<<<<

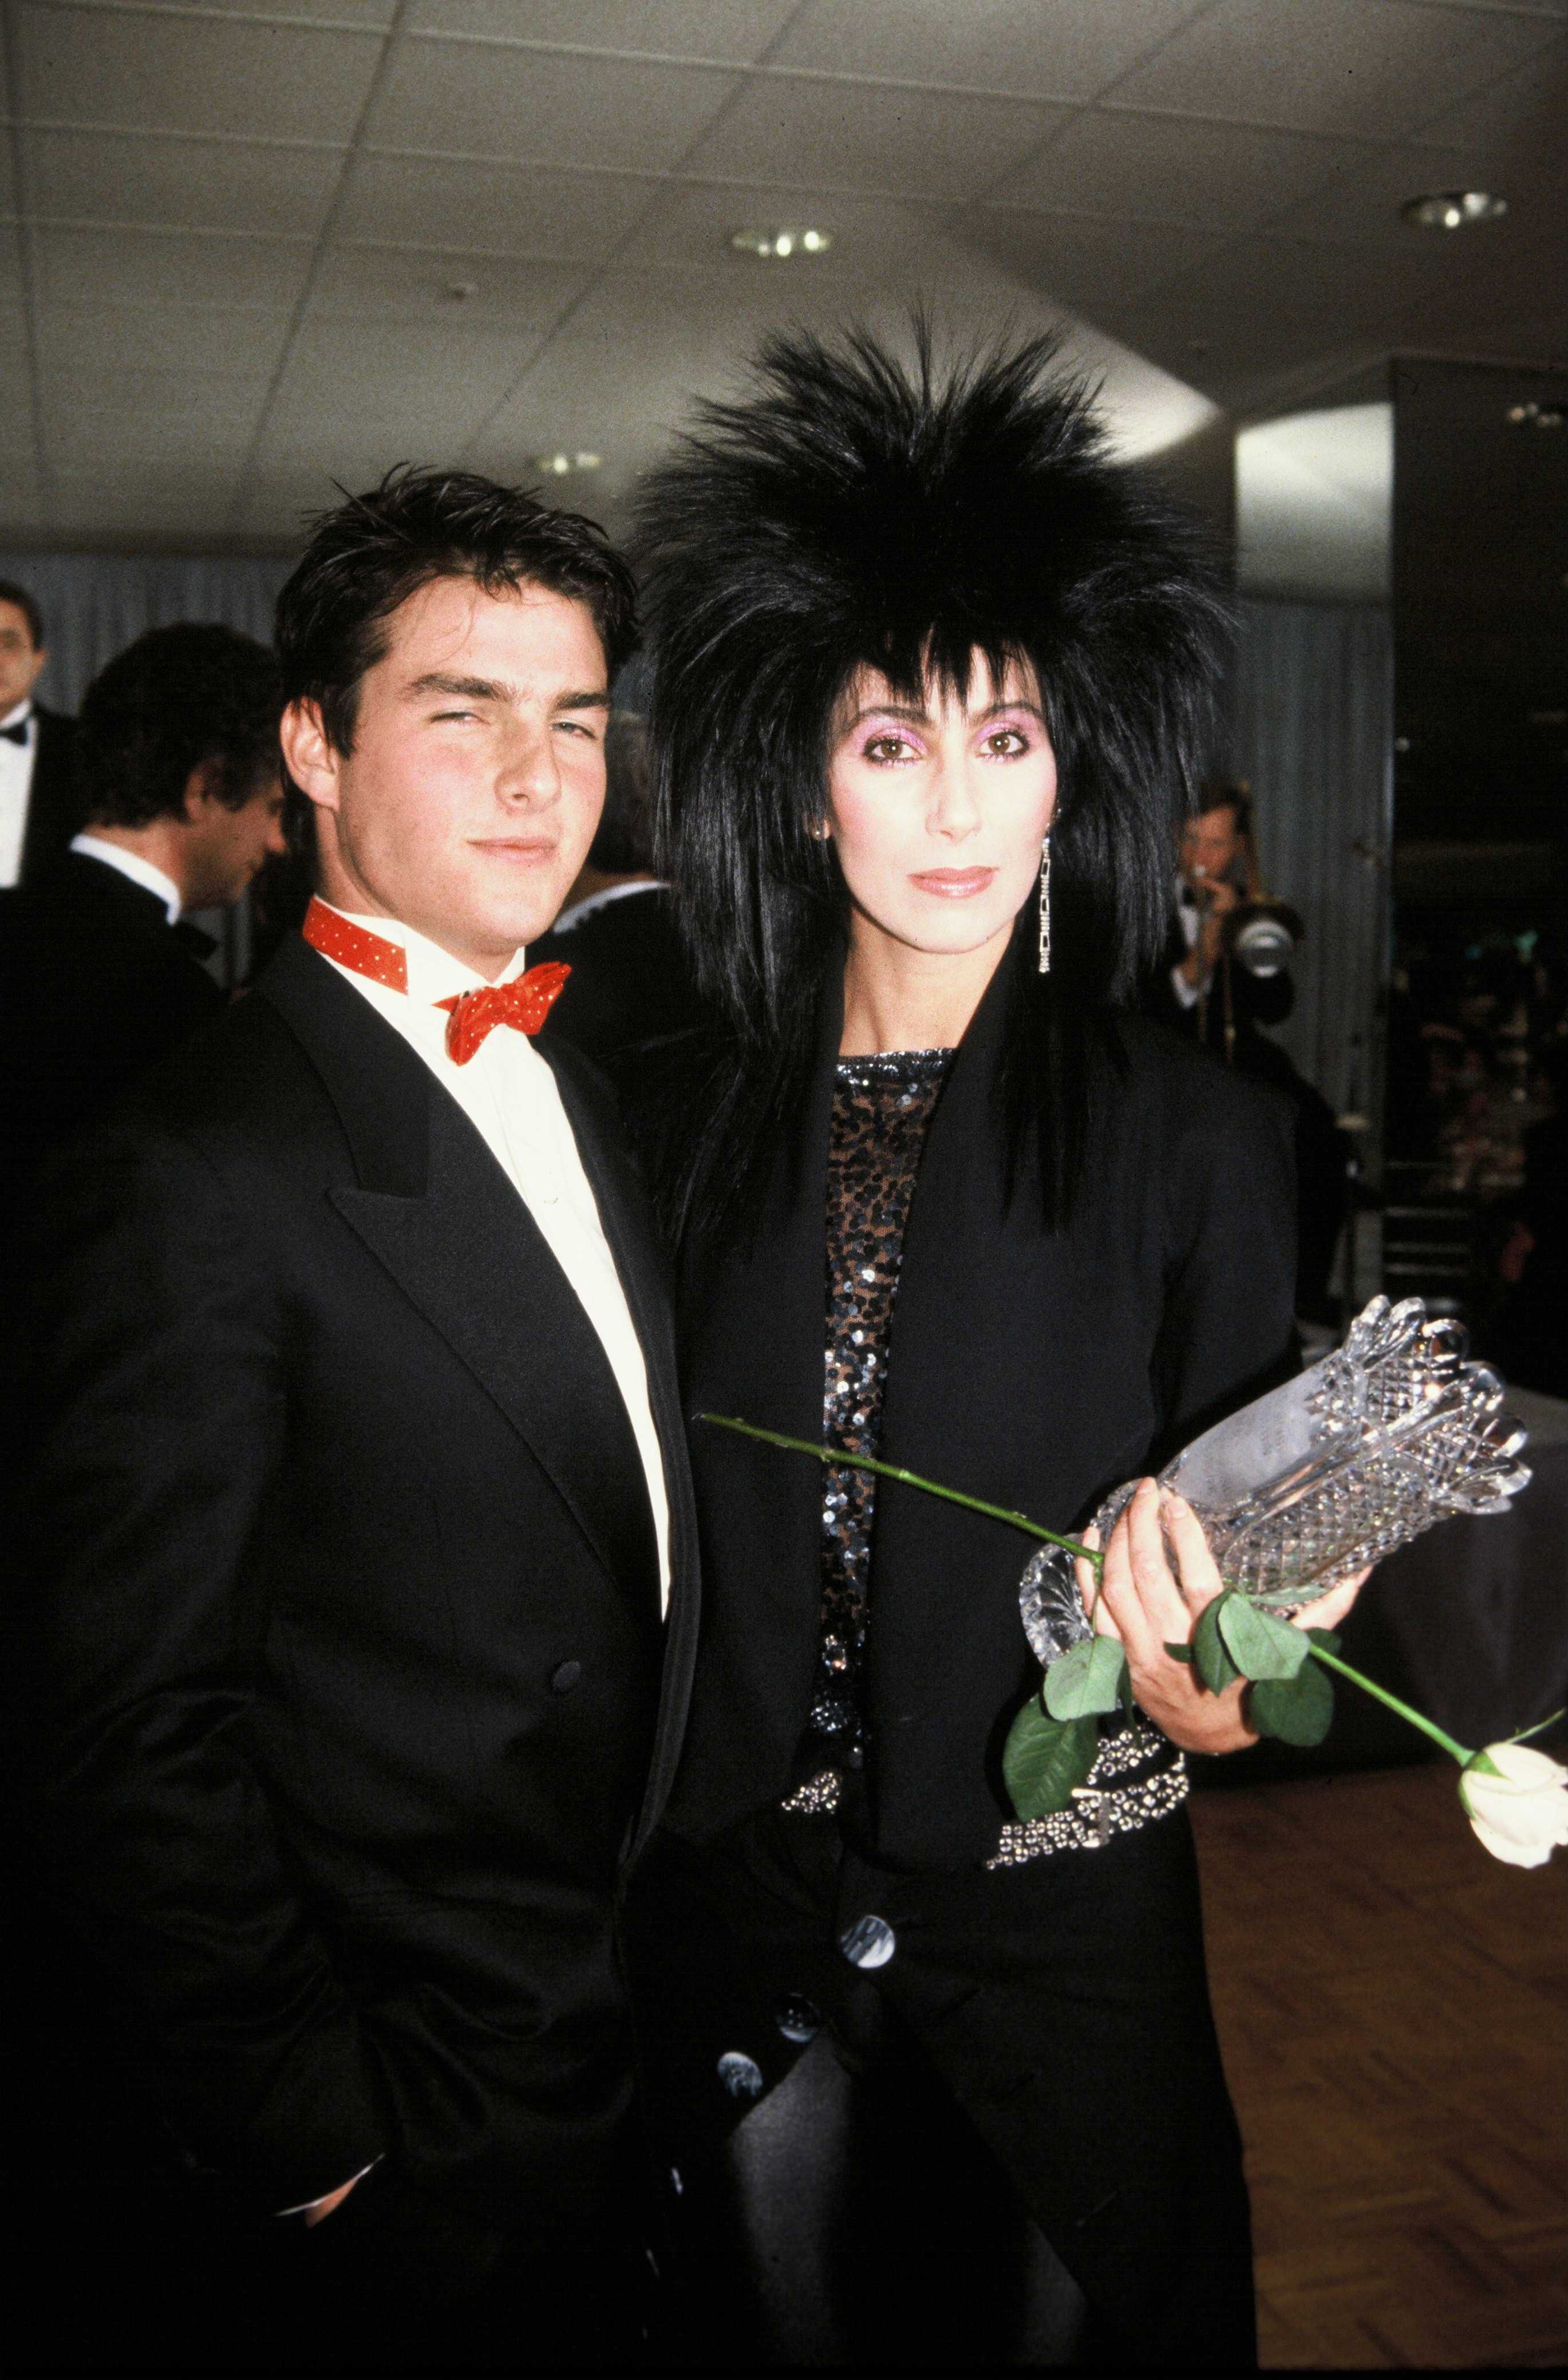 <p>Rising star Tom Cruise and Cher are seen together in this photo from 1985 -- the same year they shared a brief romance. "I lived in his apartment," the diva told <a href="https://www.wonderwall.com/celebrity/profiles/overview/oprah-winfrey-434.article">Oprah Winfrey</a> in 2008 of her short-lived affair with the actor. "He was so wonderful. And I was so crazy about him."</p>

>>>>
<<<<

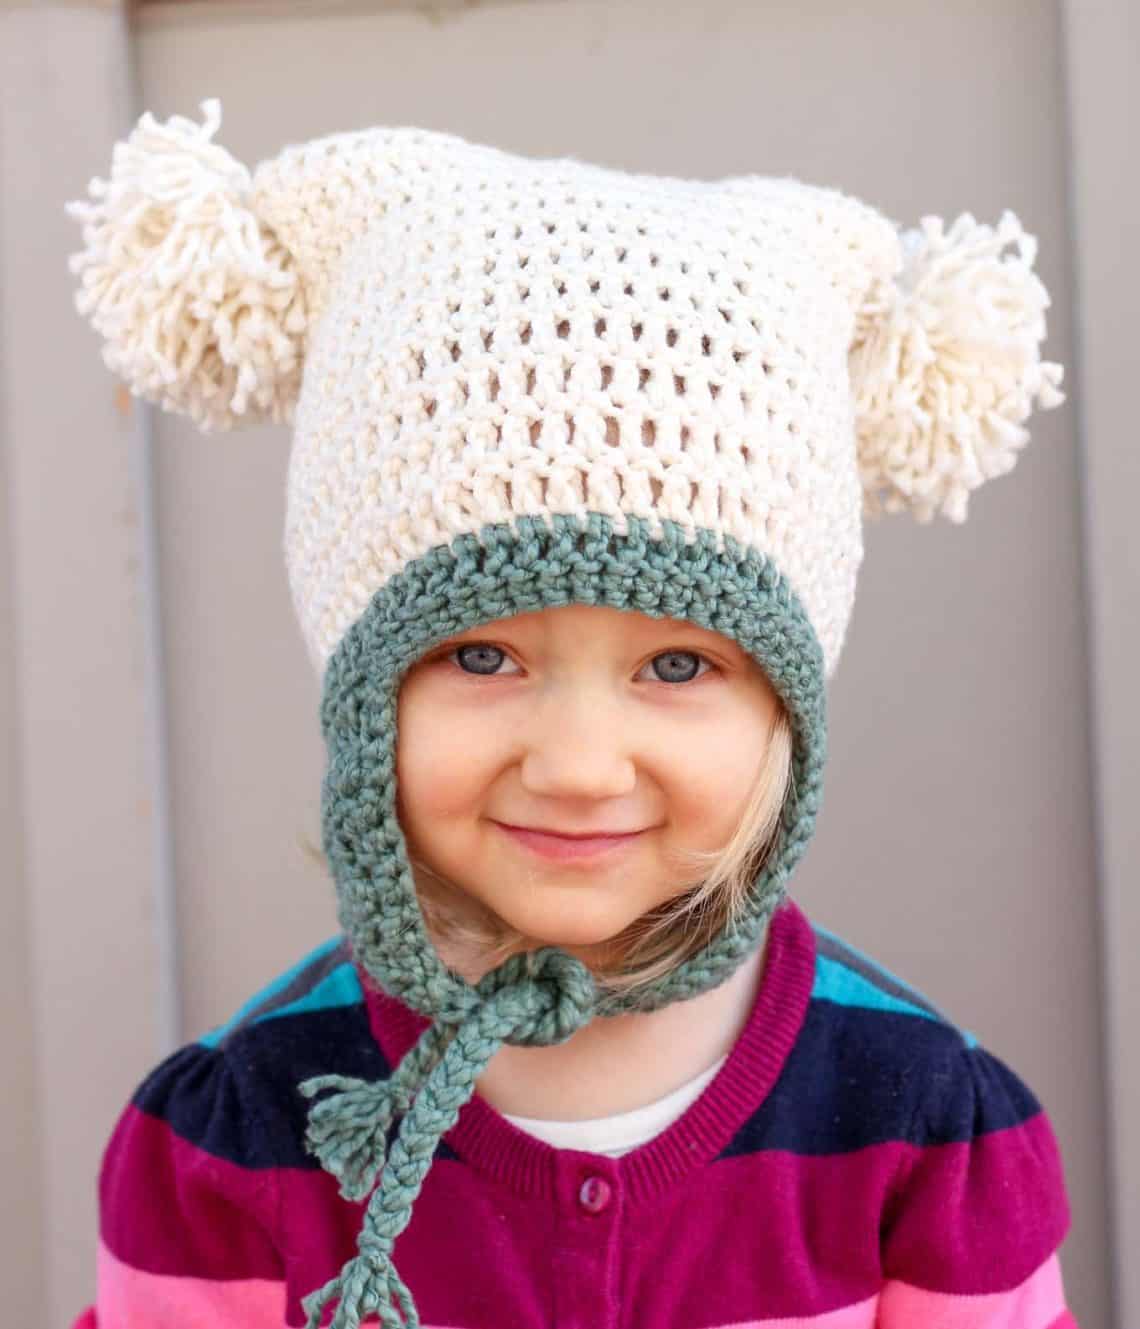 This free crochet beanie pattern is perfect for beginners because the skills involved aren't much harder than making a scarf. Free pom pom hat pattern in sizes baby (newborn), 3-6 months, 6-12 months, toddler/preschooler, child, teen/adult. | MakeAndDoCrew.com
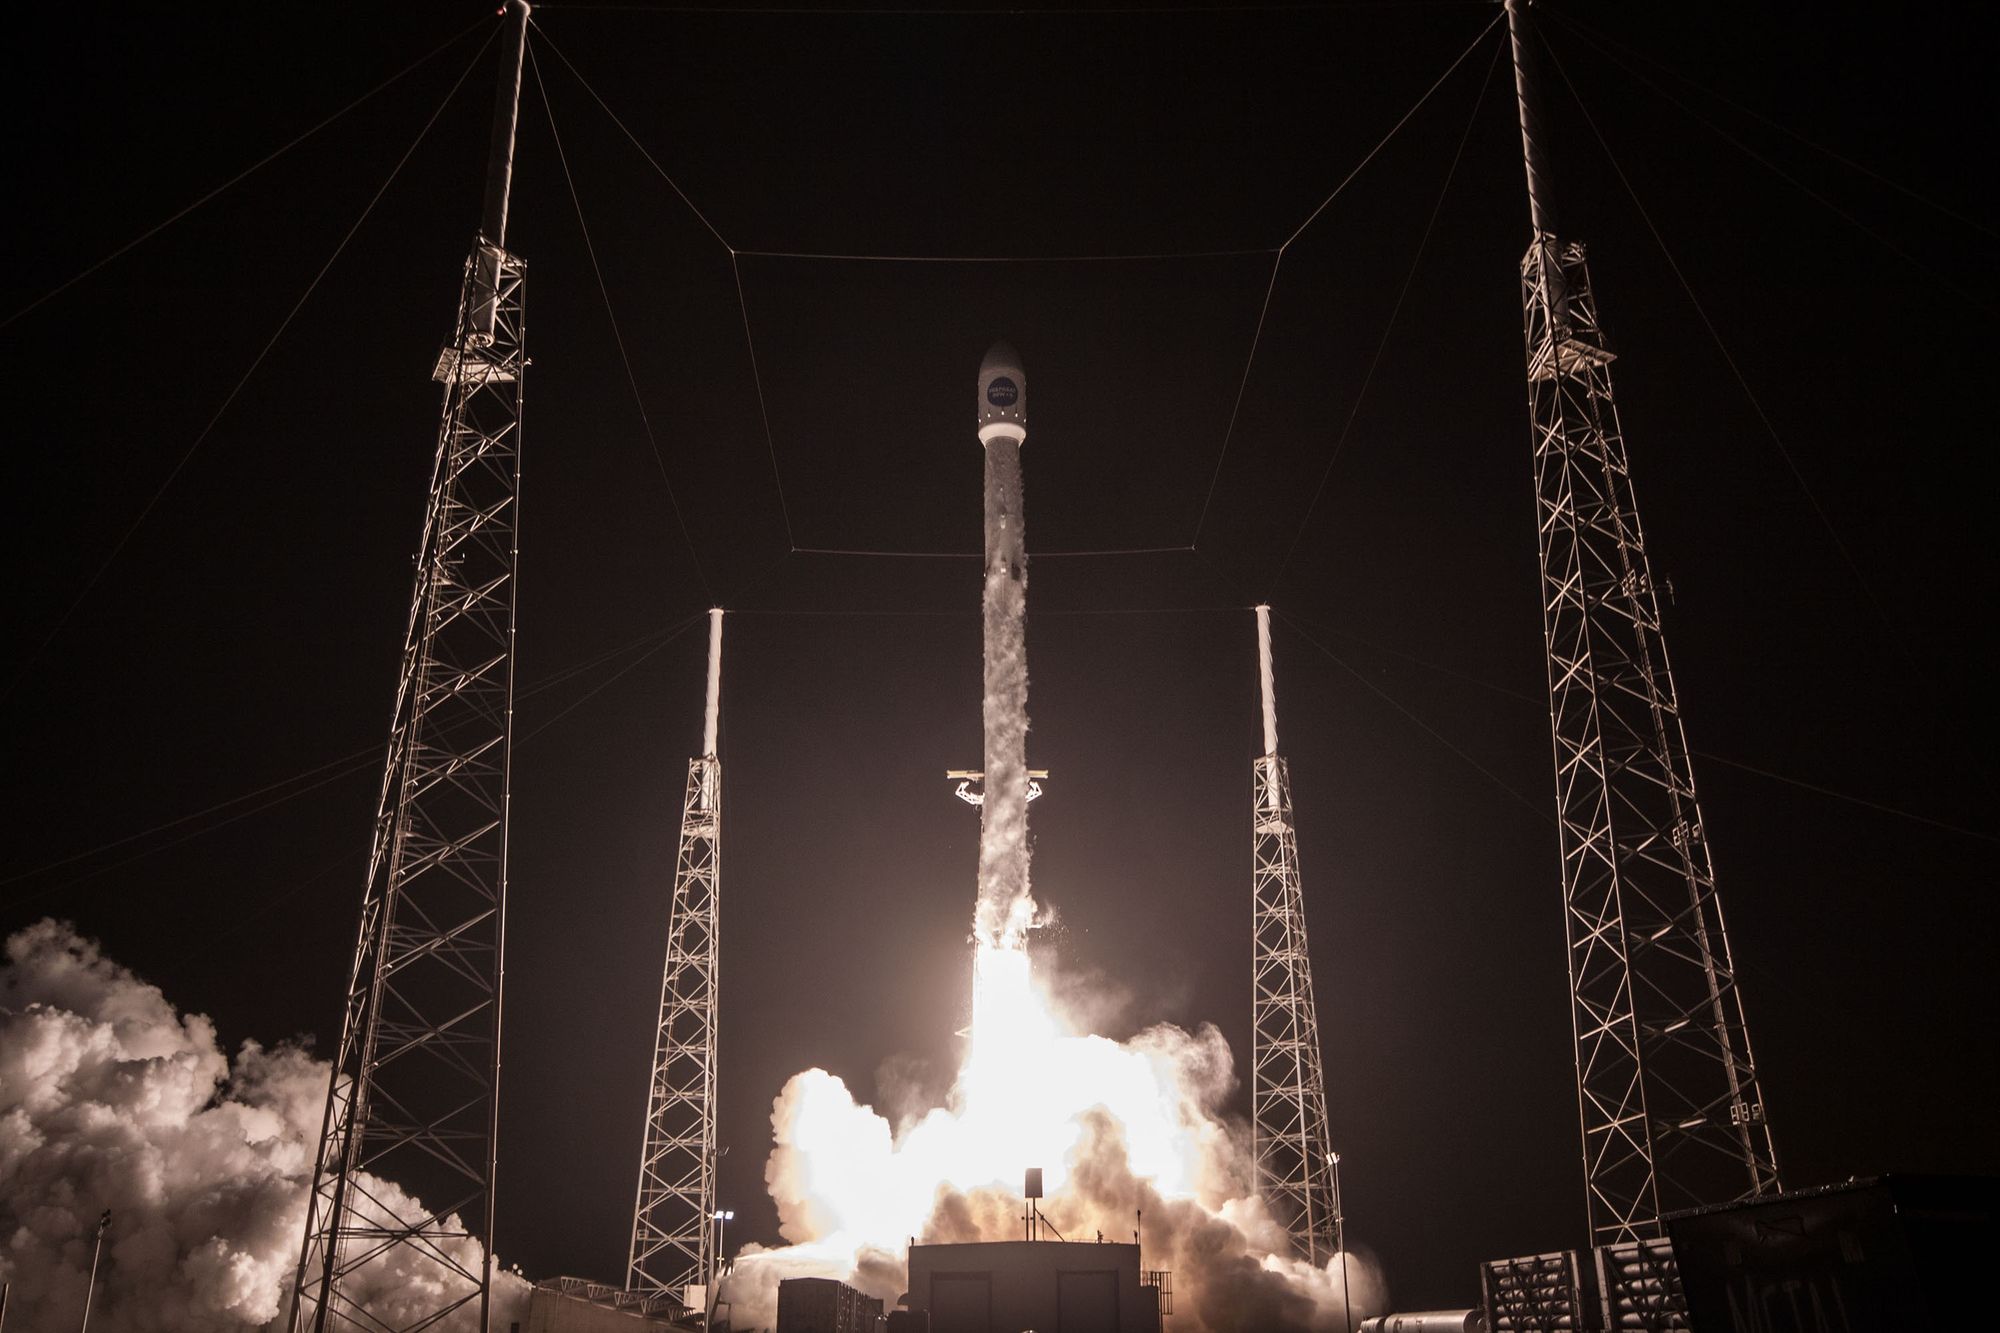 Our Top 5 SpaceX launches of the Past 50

>>>>
<<<<

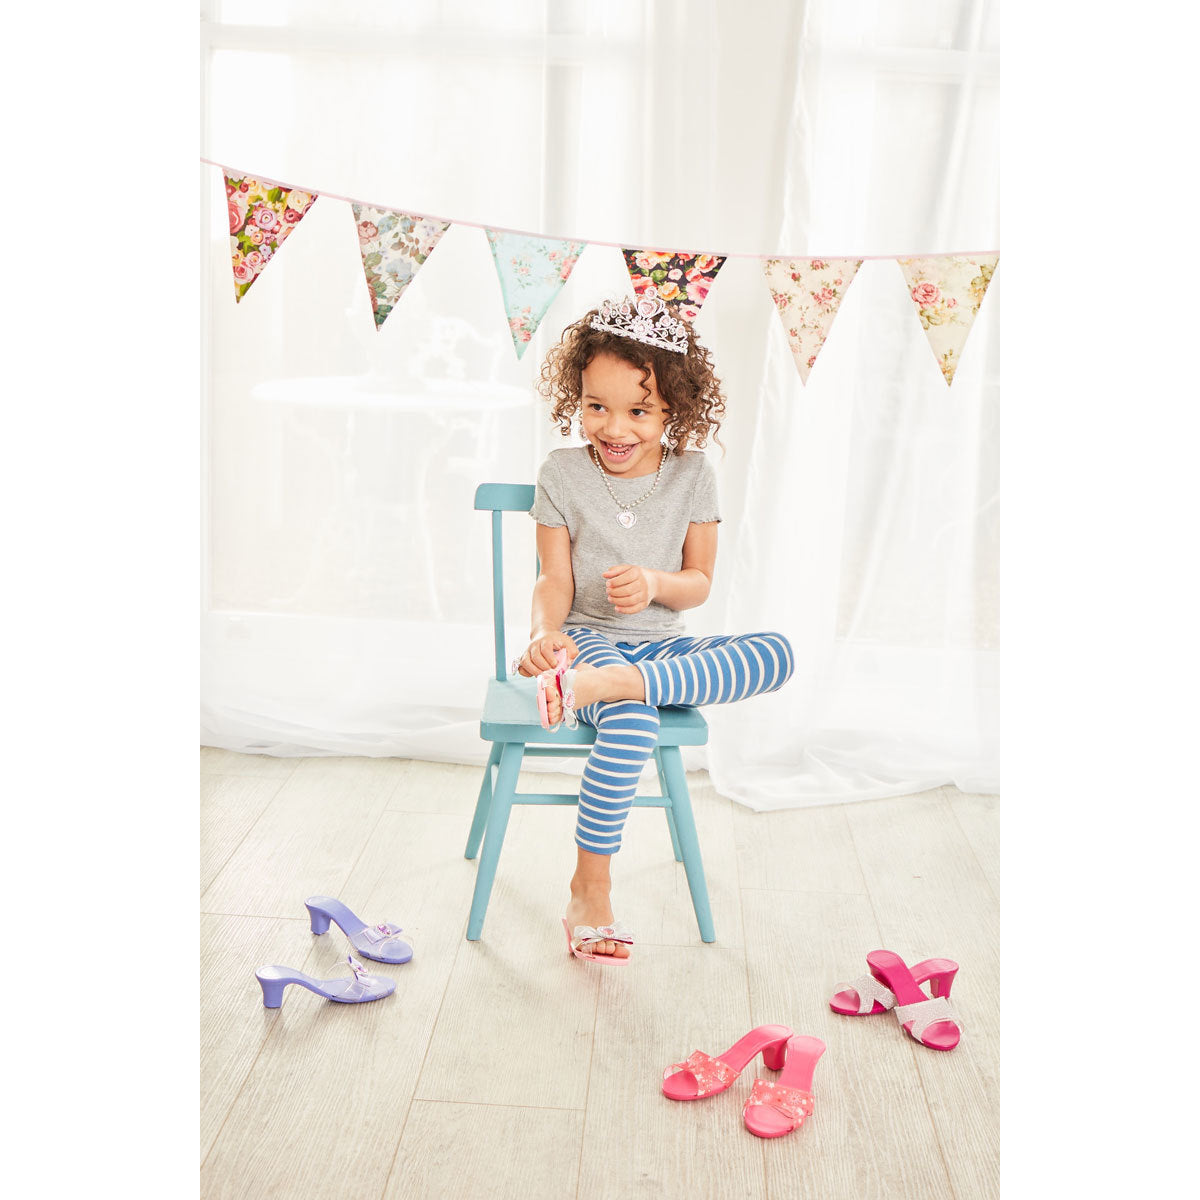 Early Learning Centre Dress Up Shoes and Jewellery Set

>>>>

◆ PROBLEM STATEMENT ◆
Transcribe, word for word, the stretch of lines in the data above from the one with "This free crochet" through the one with "Our Top 5 SpaceX launches of the Past 50"; omit all pictures.

◆ TASK RESULT ◆
 This free crochet beanie pattern is perfect for beginners because the skills involved aren't much harder than making a scarf. Free pom pom hat pattern in sizes baby (newborn), 3-6 months, 6-12 months, toddler/preschooler, child, teen/adult. | MakeAndDoCrew.com
 Our Top 5 SpaceX launches of the Past 50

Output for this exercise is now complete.